Full Takeover Offer For Abano Healthcare Opens
Crescent Capital Partners’ Full Takeover Offer For Abano Healthcare Opens
Offer allows Abano shareholders to capture a substantial premium
Auckland, NZ (December 19, 2007): The full takeover offer by Crescent Capital Partners Limited (Crescent) for all of the shares in Abano Healthcare Group Limited (Abano) is now open, with offer documents being mailed to shareholders today.
Crescent’s full cash offer of $5.20 per share represents a premium of 53 percent to the closing share price of Abano prior to the announcement of the partial takeover by Masthead Portfolios Limited (Masthead) and is higher than any share price achieved by Abano despite all the takeover activity, and with the market fully informed about the company’s projections.

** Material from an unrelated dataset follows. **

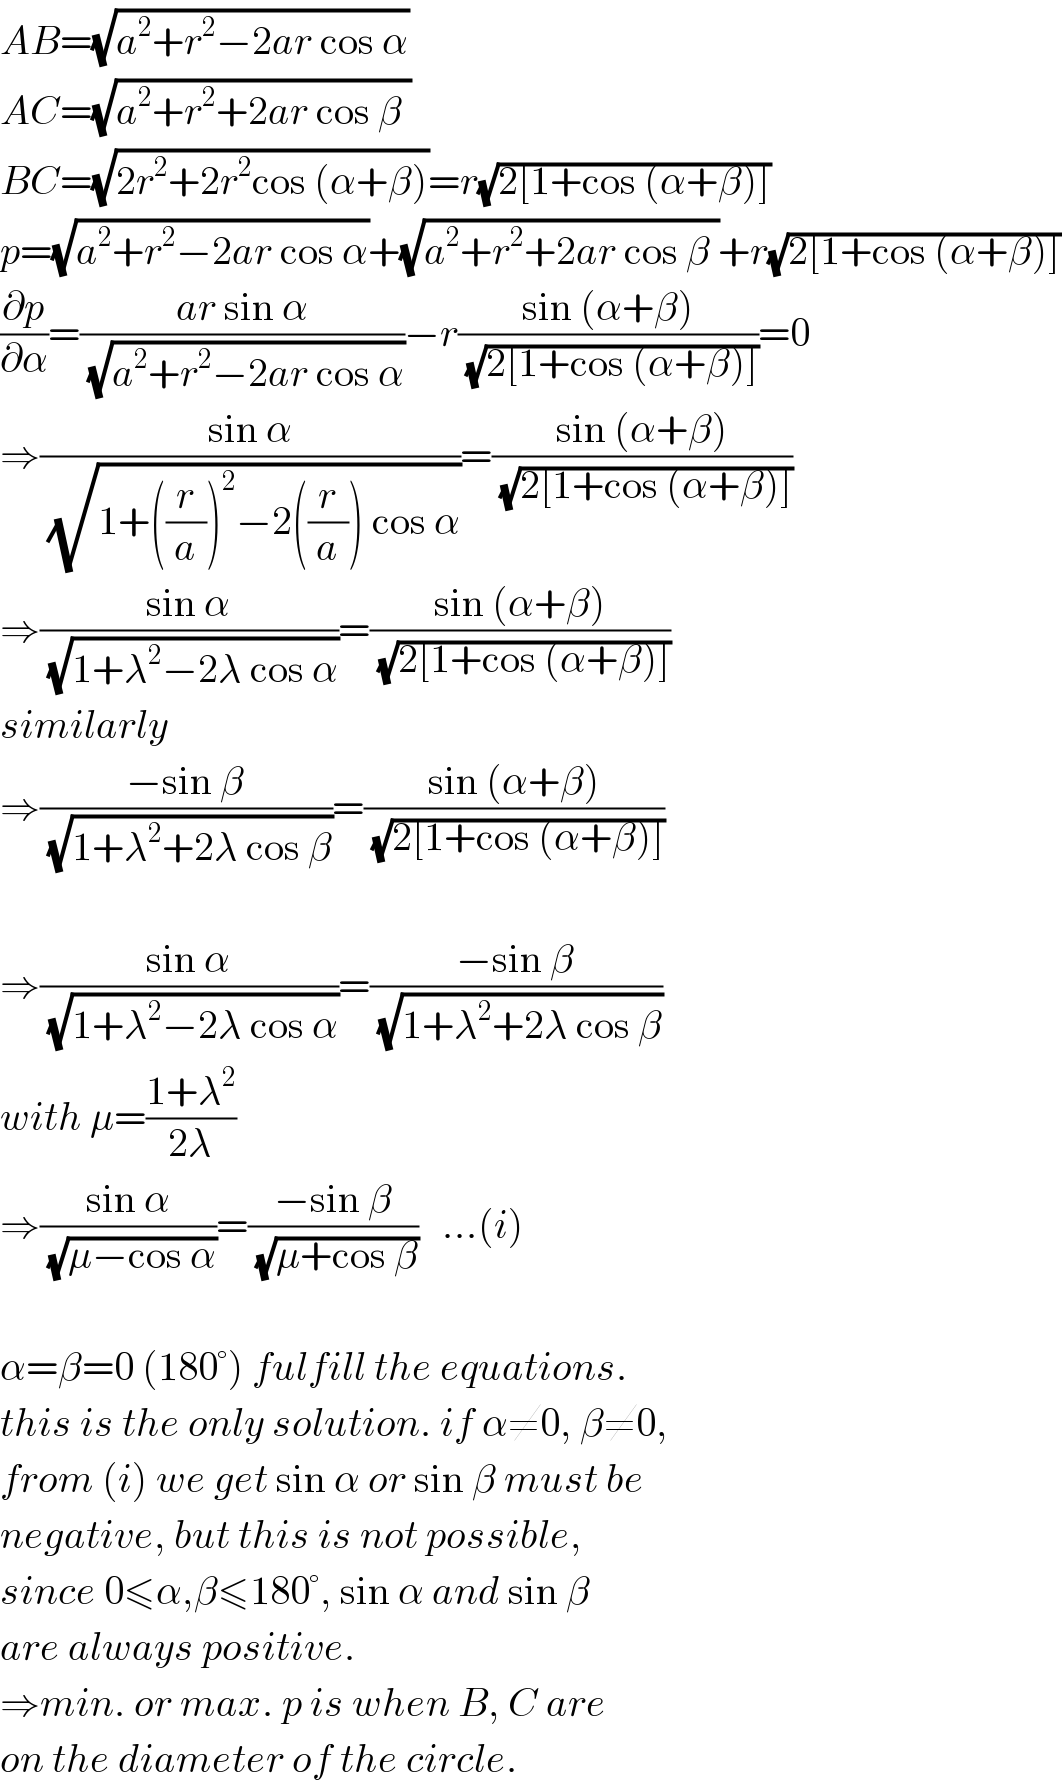 AB=(√(a^2 +r^2 −2ar cos α))  AC=(√(a^2 +r^2 +2ar cos β ))  BC=(√(2r^2 +2r^2 cos (α+β)))=r(√(2[1+cos (α+β)]))  p=(√(a^2 +r^2 −2ar cos α))+(√(a^2 +r^2 +2ar cos β ))+r(√(2[1+cos (α+β)]))  (∂p/∂α)=((ar sin α)/(√(a^2 +r^2 −2ar cos α)))−r((sin (α+β))/(√(2[1+cos (α+β)])))=0  ⇒((sin α)/(√(1+((r/a))^2 −2((r/a)) cos α)))=((sin (α+β))/(√(2[1+cos (α+β)])))  ⇒((sin α)/(√(1+λ^2 −2λ cos α)))=((sin (α+β))/(√(2[1+cos (α+β)])))  similarly  ⇒((−sin β)/(√(1+λ^2 +2λ cos β)))=((sin (α+β))/(√(2[1+cos (α+β)])))    ⇒((sin α)/(√(1+λ^2 −2λ cos α)))=((−sin β)/(√(1+λ^2 +2λ cos β)))  with μ=((1+λ^2 )/(2λ))  ⇒((sin α)/(√(μ−cos α)))=((−sin β)/(√(μ+cos β)))   ...(i)    α=β=0 (180°) fulfill the equations.   this is the only solution. if α≠0, β≠0,  from (i) we get sin α or sin β must be  negative, but this is not possible,  since 0≤α,β≤180°, sin α and sin β  are always positive.  ⇒min. or max. p is when B, C are  on the diameter of the circle.  
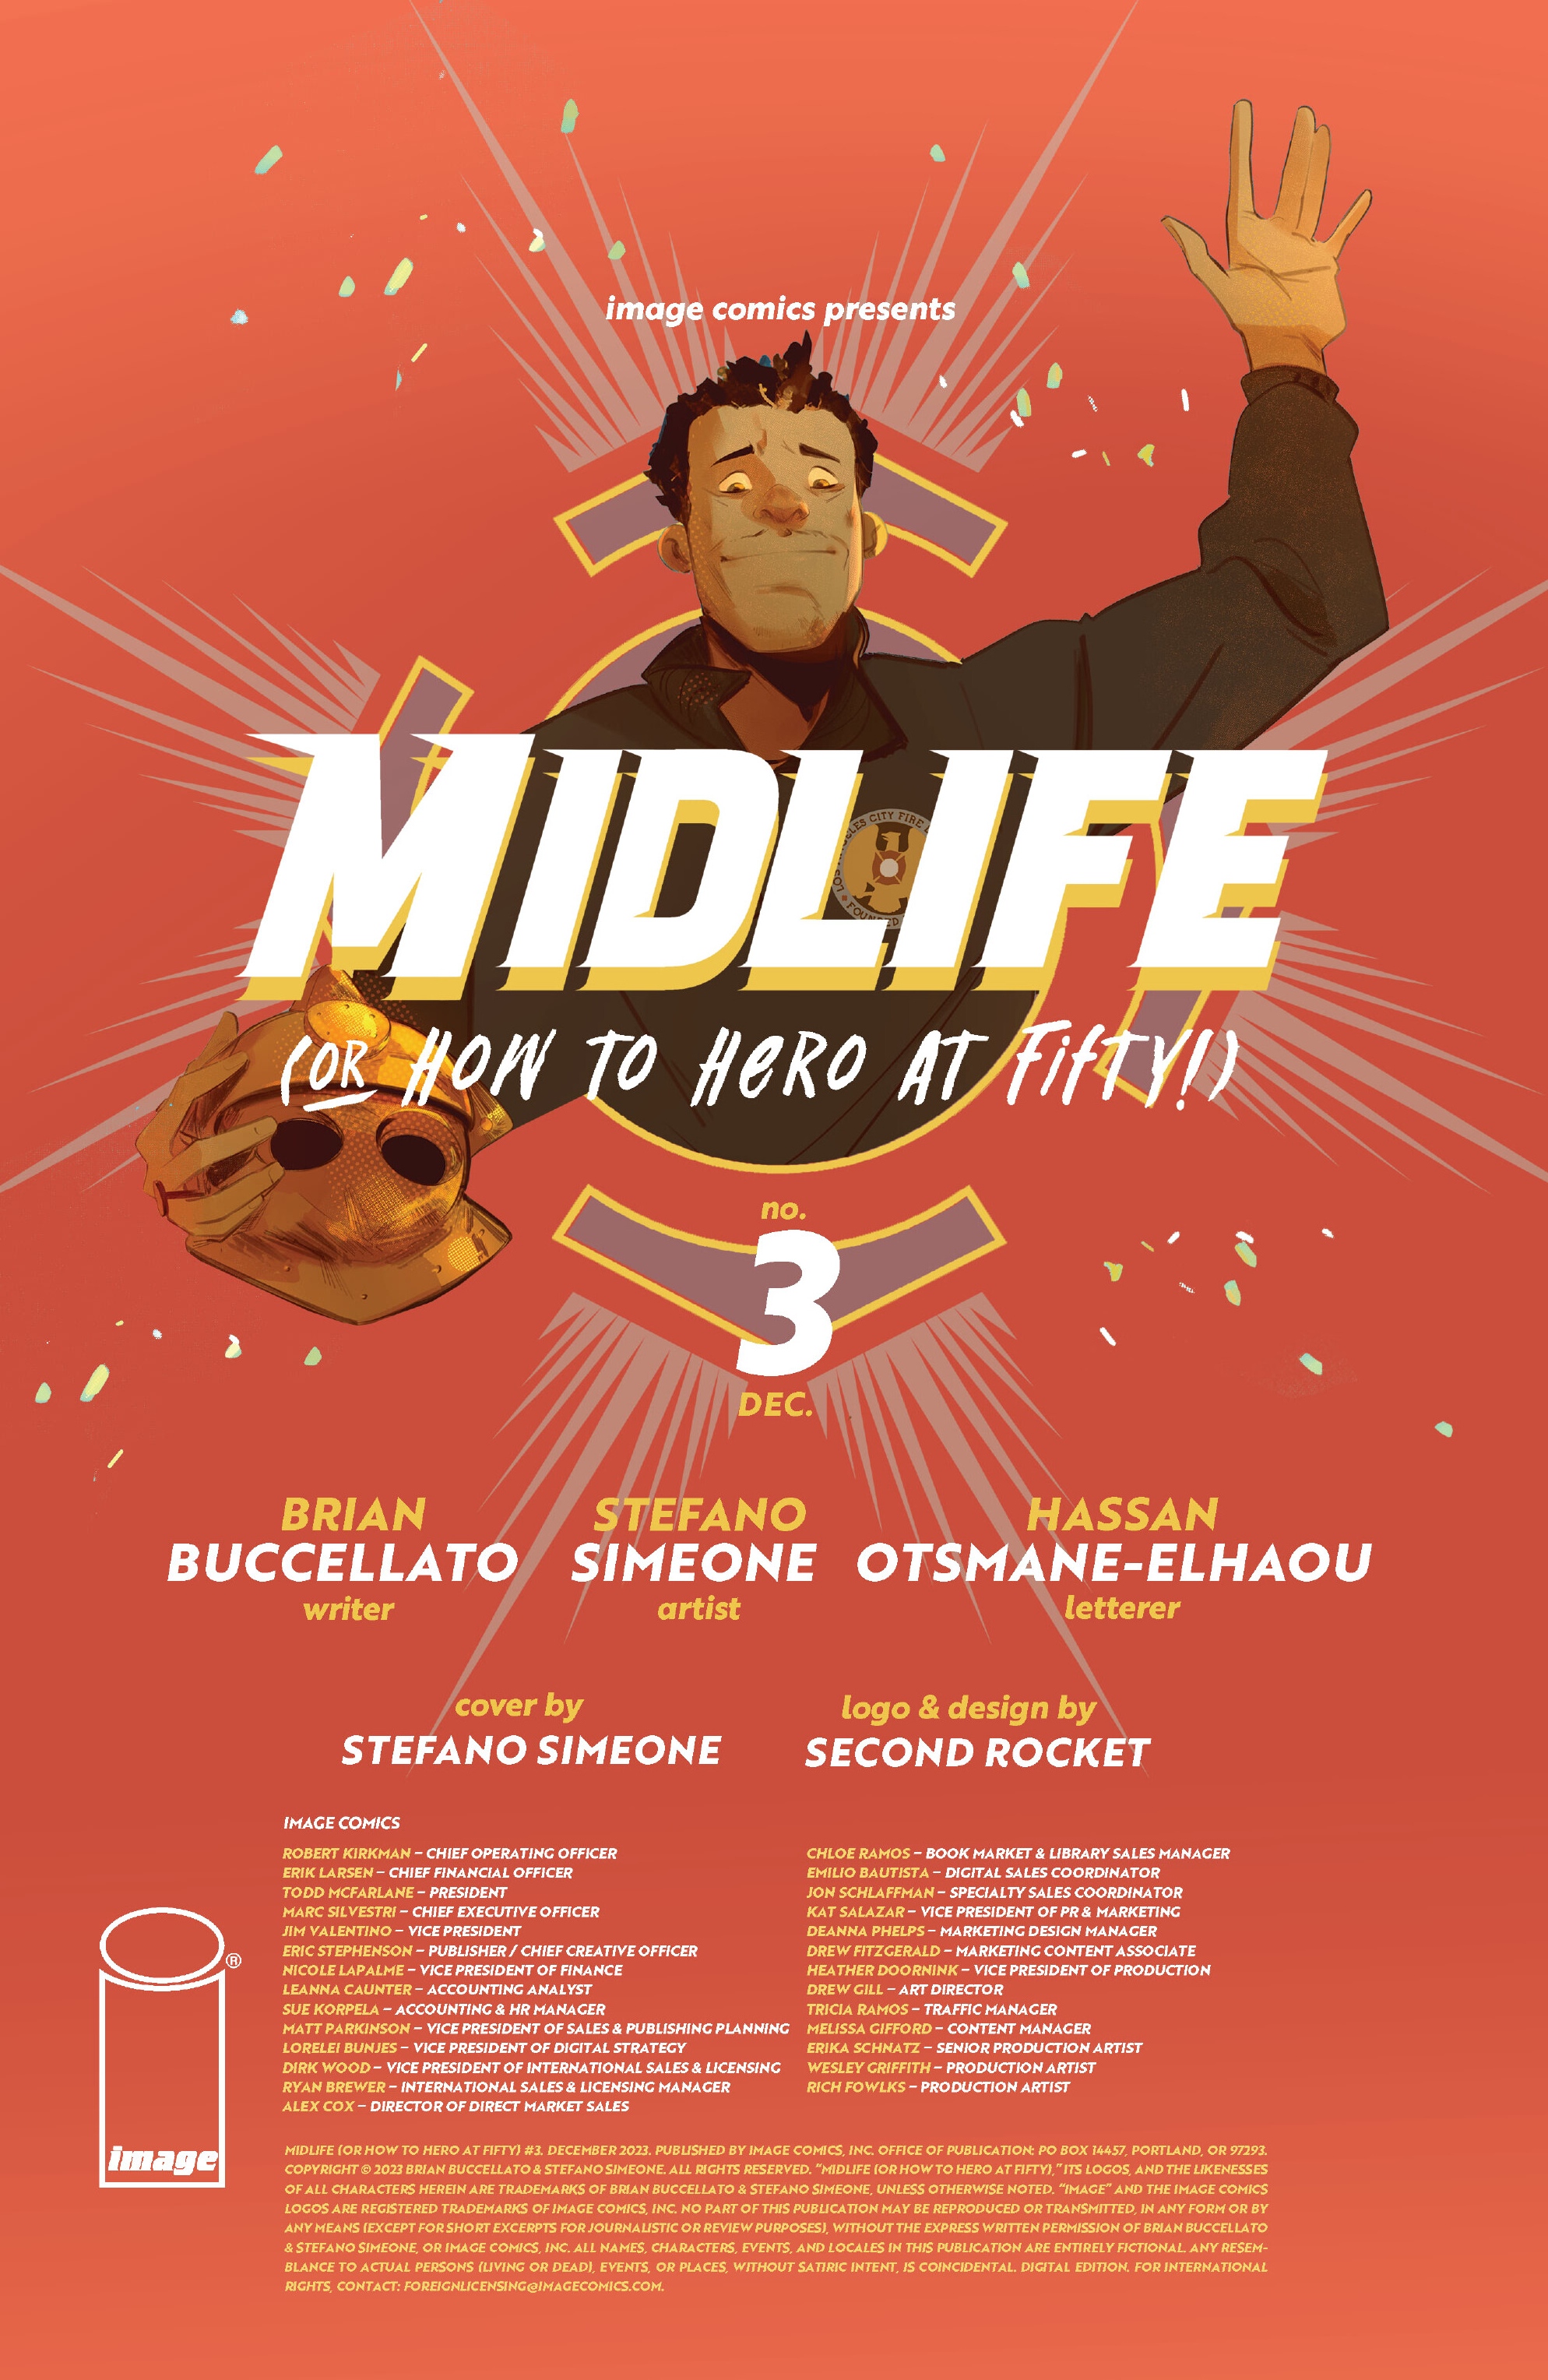 Read online Midlife (or How to Hero at Fifty!) comic -  Issue #3 - 2

“Our full cash offer of $5.20 per share provides shareholders with the opportunity to substantially capture the full value of Abano’s long term projections right now rather than be exposed to the risk of Abano not achieving these future performance targets,” said Michael Alscher, Executive Director of Crescent Capital Partners. “We believe those projections are very optimistic. In our view they are not based on a realistic assessment of the market here or in Australia.”
“Since announcing our intention to make an offer, Masthead’s partial takeover offer has lapsed and no other offer has been forthcoming. We have already obtained a 10.9% stake in Abano from RotoruaTrust and based on extremely positive market feedback, we expect a strong take-up of our offer from shareholders.”
Mr Alscher also noted that the NZX50 index had fallen 8.5 percent since the release by Abano of its Target Company Statement responding to the Masthead offer and that the outlook was not good for Abano shareholders if the Crescent offer was not successful.
“Prior to our offer being announced, Abano’s share price appeared to be falling and had dropped to levels as low as $4.65. However even at this level the share price will have included a premium relating to the Masthead offer and speculation around the likelihood of another offer being presented to the market. Looking ahead, shareholders will be exposed to the prospect of a material fall in the value of their shares if our offer is not successful and no other offer is forthcoming.”
With Crescent currently holding a 10.9 percent stake in Abano, another full offer is unlikely.
“We encourage shareholders to sell into our offer early as we believe our offer is compelling and that no better offer will eventuate in the foreseeable future. Shareholders can also be reassured by the provision of a withdrawal clause within our offer which allows shareholders to withdraw their acceptance in the event of a higher full offer being made for Abano,” said Alscher.
“The offer will enable most shareholders to crystallise a substantial profit and, as it is a full takeover offer, will also allow shareholders to capture the full control premium on their total shareholding.”
The Abano Board has already acknowledged that although they were not prepared to recommend the offer, it was potentially at a level which Abano shareholders may find attractive and that it would be up to Abano shareholders to decide on the merits. Shareholders can expect to receive a Target Company Statement shortly after Christmas.
Crescent will pay broker handling fees in connection with its takeover offer for Abano Healthcare Group Limited.